News 

David Chipperfield in Berlín

In Praise of the Column

31/01/2015


Trained with Norman Foster and Richard Rogers, David Chipperfield soon realized that his language was not that of technological expression, but that of the pure forms of a minimalism which reinterprets the legacy of classicism in a highly personal way. Maybe this explains Chipperfield’s being a rara avis in the context of British architecture, as well as the fact that he has found in the simultaneously austere and effervescent Berlin of the last decade a very favorable setting for his works, which very frequently have consisted in complex interventions involving restoration and renovation, as in the very acclaimed Neues Museum. The list of buildings raised by him in the city of Berlin now expands with the major commission to restore none other than the Neue Nationalgalerie that Mies van der Rohe worked on from 1965 to 1968, another fine example of the timeless classicism that Chipperfield admires so much.

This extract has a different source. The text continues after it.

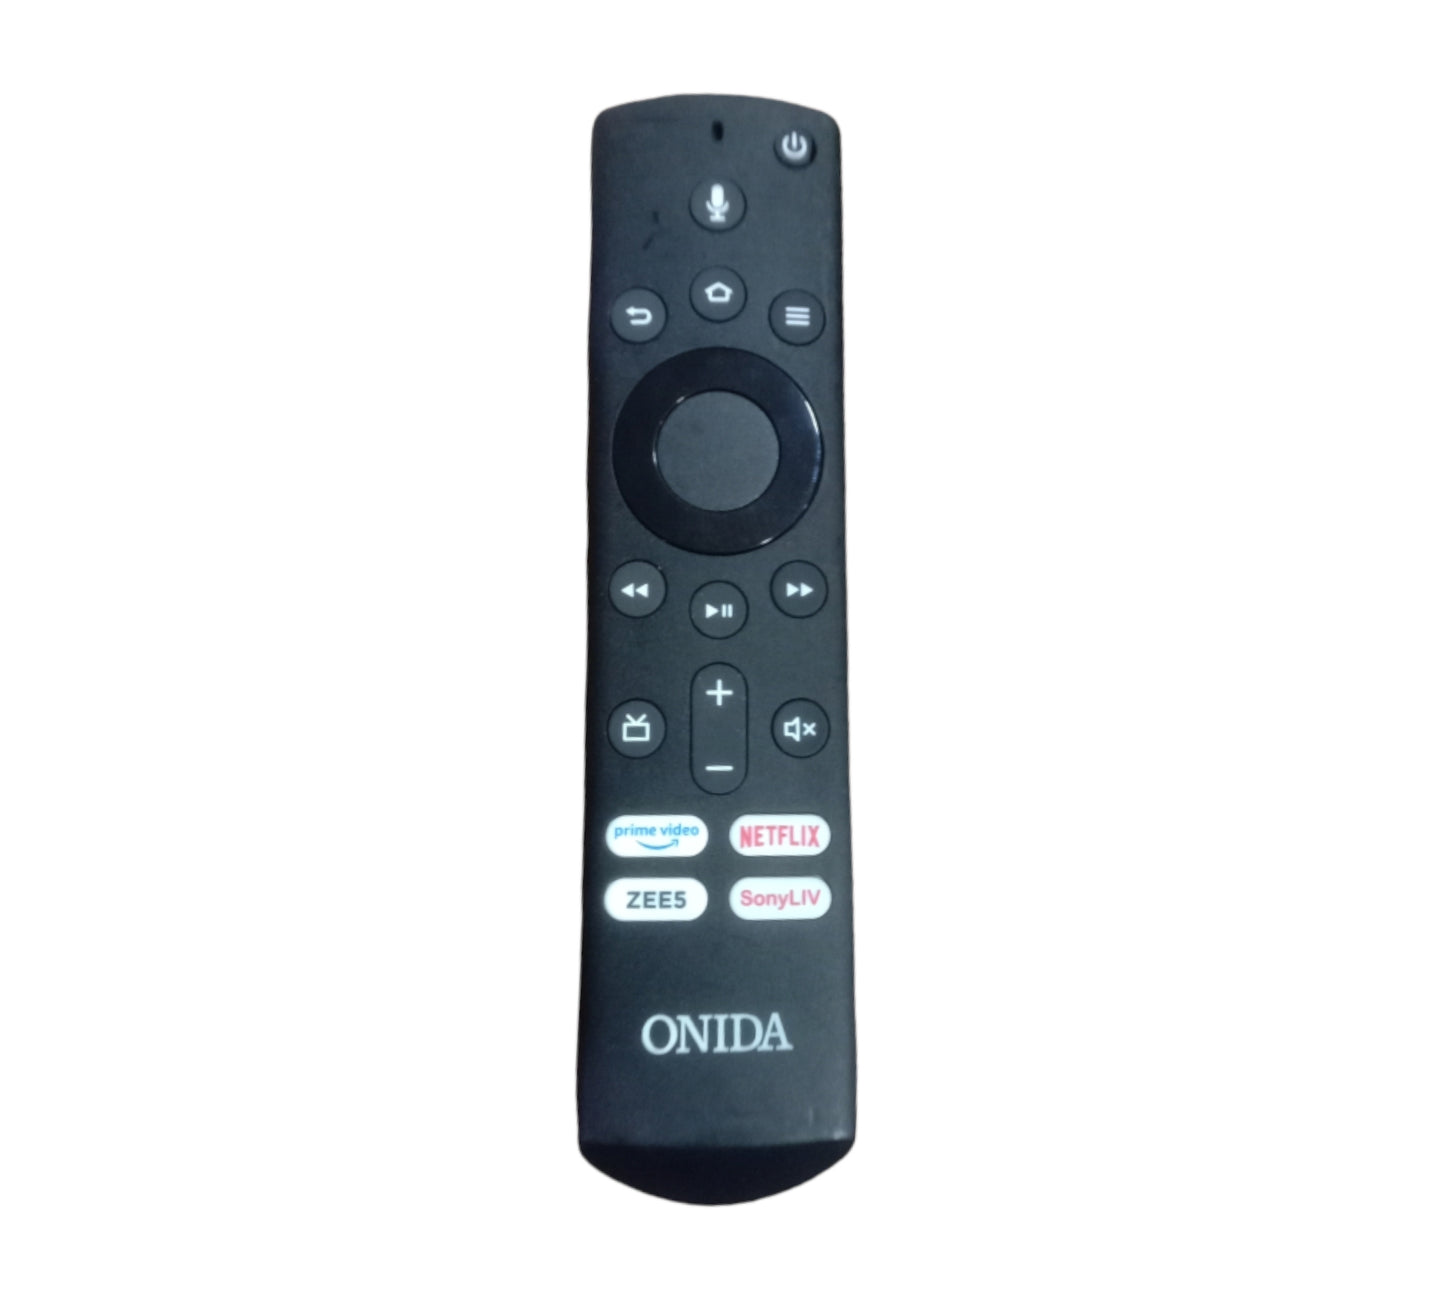 Orignal Onida  android smart tv Remote Control with prime video,Netflix, Zee5

The restoration works are supposed to begin at some point this year, but with the Neues Museum as precedent, we can expect the respectful parsimony with which the British architect tends to take on commissions of this kind to get tangled up in a protracted process of uncertain, but probably exemplary end. Meanwhile, Mies’s old Galerie now bids a temporary farewell with an installation designed by Chipperfield himself. Titled Sticks and Stones, it is a forest of 144 tree trunks evoking an essential element of architecture which was as feted in the past as it is held in contempt today: the column.